Life, Relationships

HIV Am I Living My Legacy?

Am I living the legacy I want to leave behind?  Of all the things I am doing, being, creating, visualizing, etc, the most important “things” are the ones that I created, and the “one” that created me.  Sometimes, however, we –(in this case me) – get so caught up preparing for the future we simply forget about today. 

When I stop and ask myself what would happen if today my  life were taken from me, the following questions come to mind;  did I celebrate my life in the little moments as much as I could have or,  was I too busy facing the future as the present passed me by? 

 Looking at our lives through the lens of another’s pain allows us to see the beauty in what we take for granted.  What we cast off as annoyance, others may consider precious moments. 

There is one such man.  Having now recovered from a crack cocaine addiction he finds himself paralyzed by the realization that he will never have children. He is not married – has no significant other –  and no one beyond his immediate family (and the few people that he has encountered along the way) will be the wiser that he was even here.  

HIV has become his best friend and worst enemy. His “disease” has him “looking better than he has in several years. It has forced him to reprioritize, and take the time to appreciate the “little” things he took for granted before.  He does all that he can to live life to the fullest, as he appreciates the beauty of life and the wonder of it all. He must also contend with the possibility that each cold could mean the beginning for the end and face his mortality head on whenever his T-Cell count dips below a certain number. 

He spends his time by himself.  Life  at times for him, is like a spectator sport. 
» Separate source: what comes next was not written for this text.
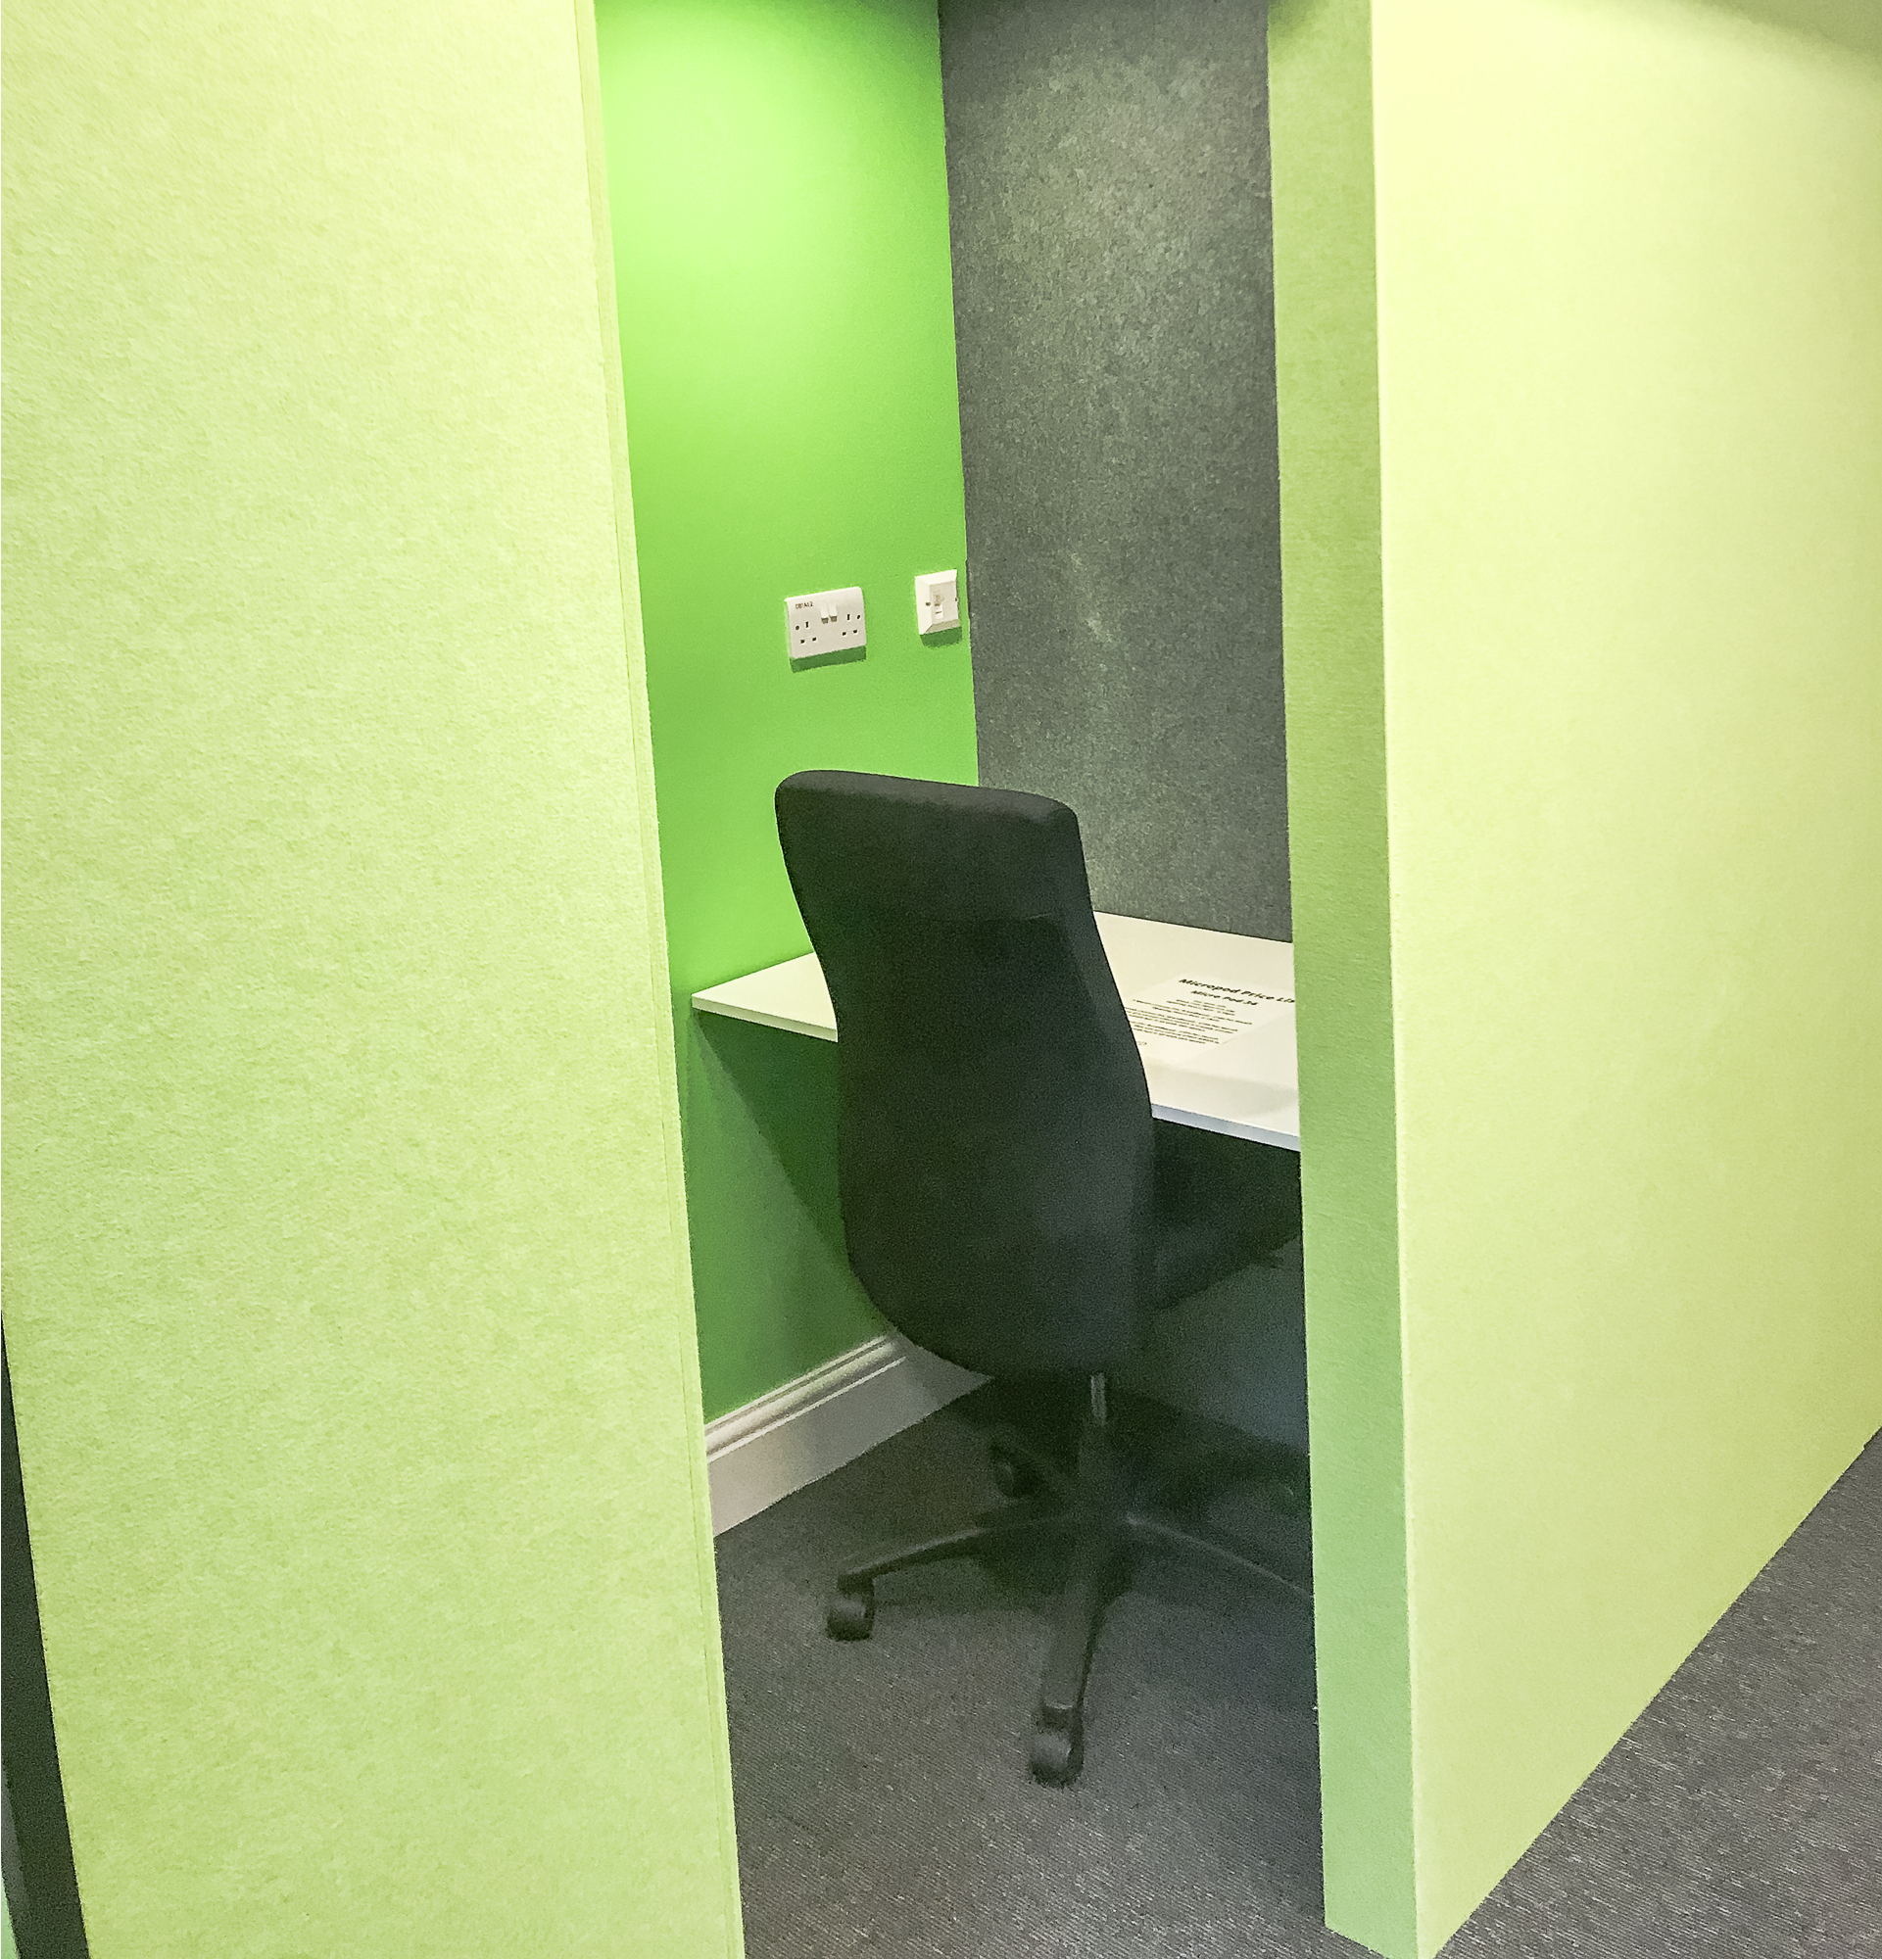 Hot Desk 1 - Liscard Business Centre

HIV keeps him standing on the sidelines and prevents him from getting in the game. His inability to connect with people has forced him to find his faith.  He looks forward to the time he spends singing his praises and giving his cares over to his higher power.  He is no longer possessed by his possessions.  His life no longer lives him, he lives his life. He does many things that he has never taken the time to do.  He does many things most people will get around to when  they“get the time, get more money, the kids get bigger, the kids go off to college, when the kids get married, when the bills are paid, when we lose weight, when loan modification papers are signed , when…when.. when..  This man lives in the now – now – now.  How fortunate for him that his worlds is unencumbered by anything unconnected to his desire to make sense out of his life.  He has faced full blown AIDS and come back.  He knows that his time here is limited. Life to him is precious, like a delicate jewel that he feels blessed to have. 

We on the other hand, wake with a sense of entitlement.  

We complain about, having to do this that and the other thing. We take for granted that we will be here tomorrow to do whatever it is we complain about having to do today.  In truth, if our lives are running us it is because we made it so.  We can make it any way we desire.  I am learning that in many ways. 

Tonight, instead of coming in and heading straight to the laundry room, I sat down.  I ignored the crumbs on the counter, the trash that was slightly overflowing, and the floor that had not been vacuumed.  I did not make a grocery list for tomorrow or plan what we would do or I would accomplish tomorrow. Tonight, the future existed only in the here and now. I danced with my 12yr old son and 10yr old daughter. They laughed as I stumbled through the words to an 80’s song.  I listened to my 81yr old mother repeat the news stories that she listened to today.  I raced my 16yr old daughter to the table in the formal dining room for the last diet soda.  We all  listened to my 4yr old daughter tell me that she had to “think” about whether or not she wanted to take a bath and finally laughed when she decided not to.  When I felt myself drawn to a song that reminded me of a difficult time with my-ex husband – I glanced at my 15yr old son who, in his spitting image smiled and said simply “I love you Mom.”  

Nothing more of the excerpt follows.